The votes that really matter now are not the 28 million already cast in this epic struggle, or the six million or so that may be in the nine primaries that remain. Nor are they even the 2.3 million cast in January's "rogue" primaries in Michigan and Florida, voided by the party because they were held too early. Having easily won both, Clinton now desperately wants them to count, to make the case that she, not Obama, leads in the popular vote.

After 18 months of campaigning, and four months' of primaries and caucuses across more than 40 states, the two candidates are divided by just 134 delegates. Yes, Obama leads and remains clear favourite for the nomination. But even he cannot nail down victory without support from the 300 "super-delegates" or party elders, who have yet to make up their minds. Despite his lacklustre performance in Pennsylvania, they continue to trickle to his side. But until the trickle becomes a flood, Clinton will not give in. Herewith, a guide to the tortuous weeks, maybe months ahead.

When is the earliest a winner might emerge?

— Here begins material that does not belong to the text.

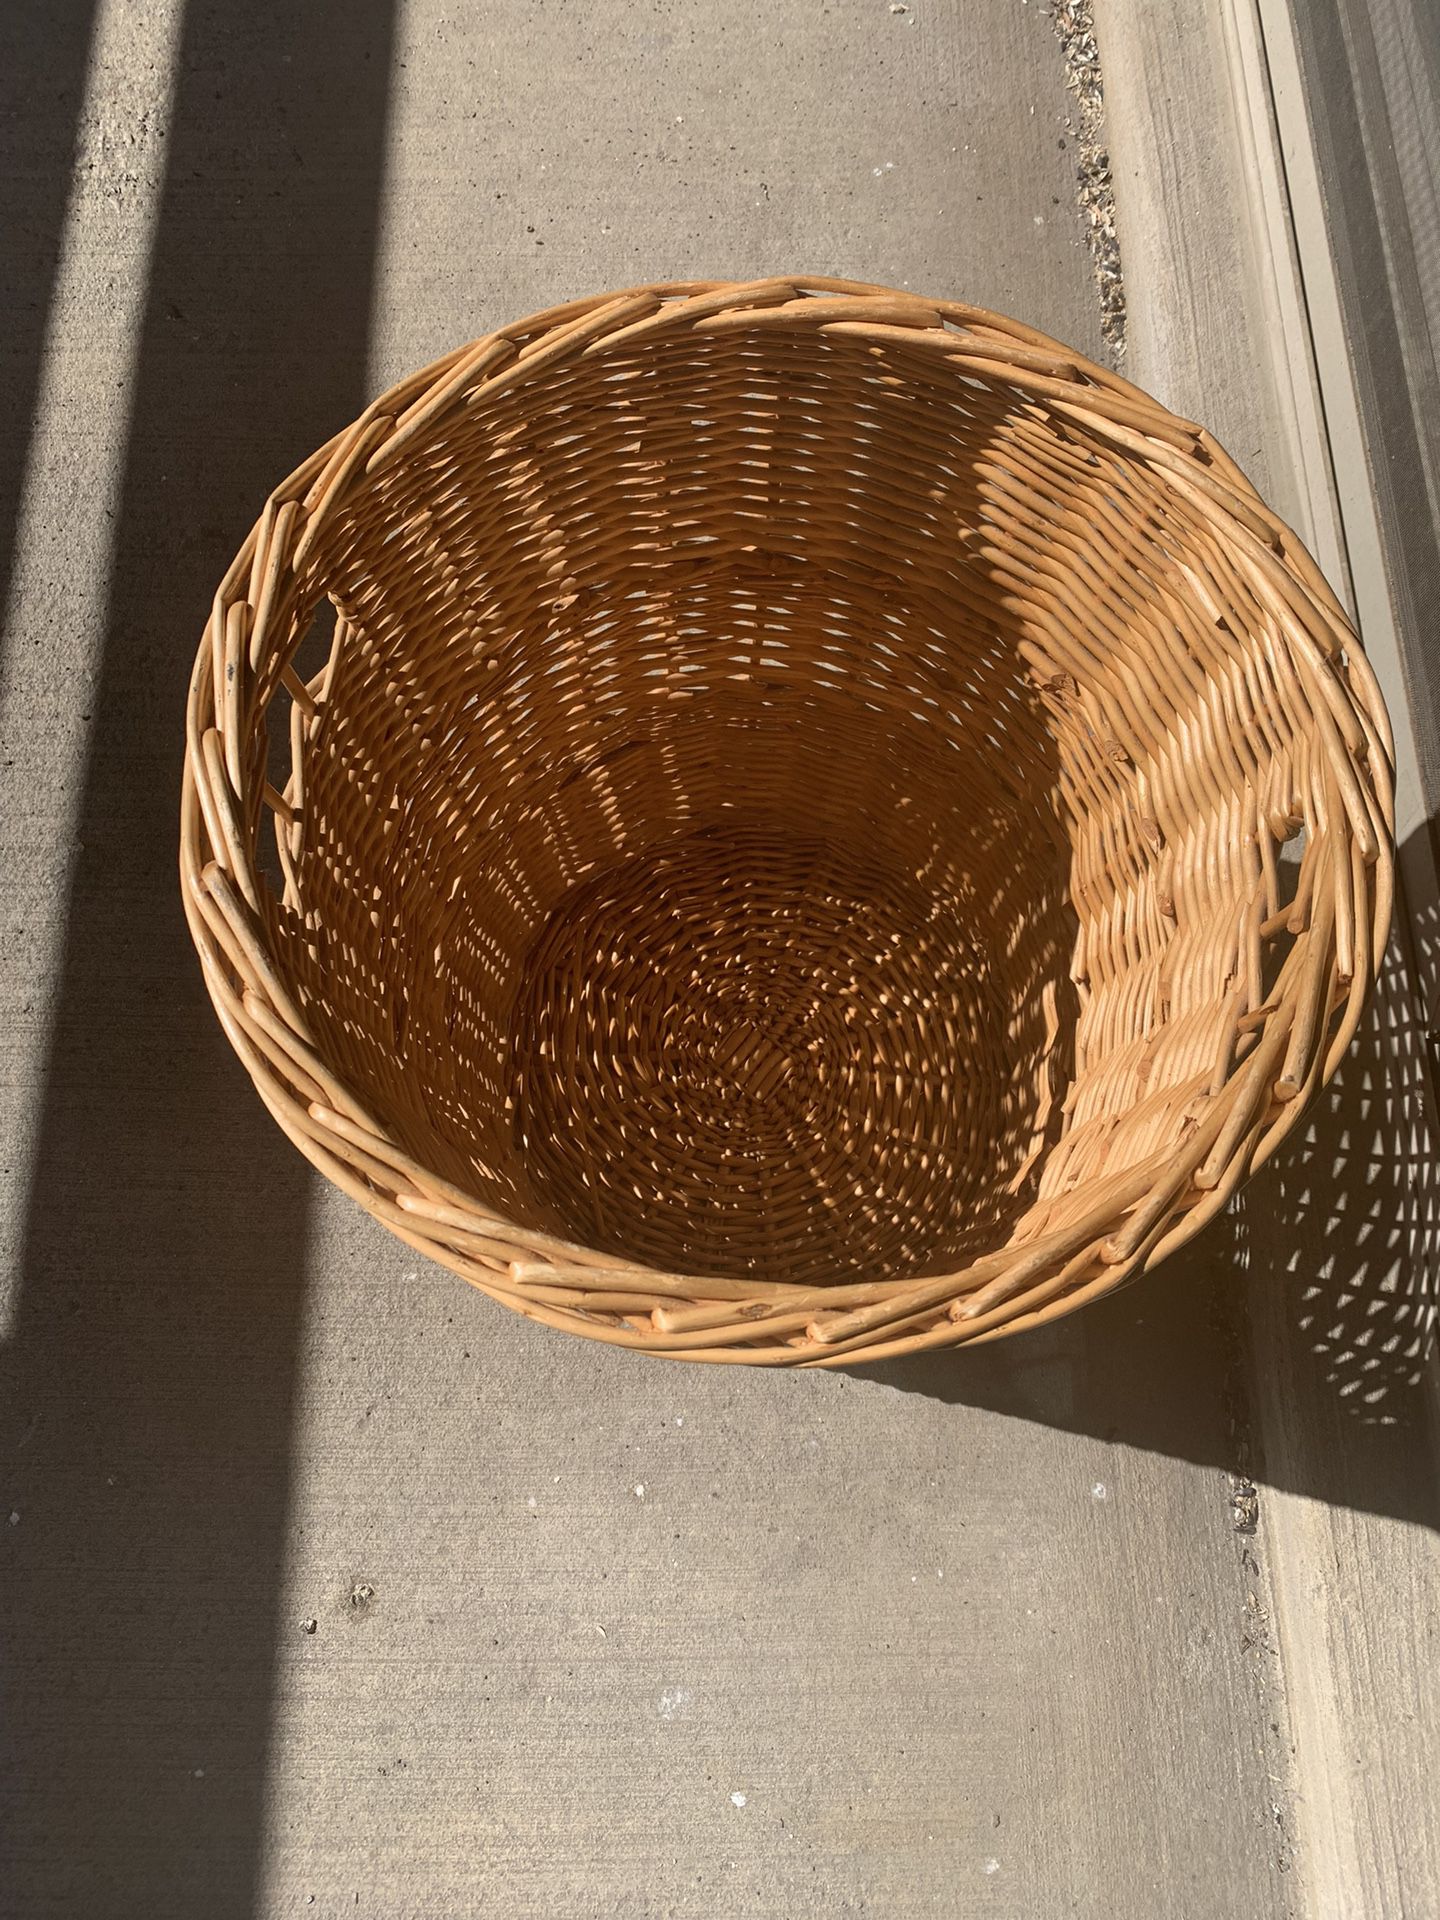 Laundry Basket Rattan Wicker Cane

Conceivably, the party could be put out of its misery by the results in North Carolina and Indiana. In the former, where over a third of registered Democrats are black, Clinton is expected to lose heavily. Indiana, however, is shaping up as the latest make-or-break moment. A mix of city and country, of old industry and new, it's the one "heartland state" left on the calendar, where the candidates are currently neck-and-neck in the polls. If Obama pulls off a convincing double on 6 May, even the infinitely resilient Clinton may read the writing on the wall – especially if previously uncommitted super-delegates cascade to Obama. More prosaically, she may run out of money as fundraisers decide that she no longer has any hope.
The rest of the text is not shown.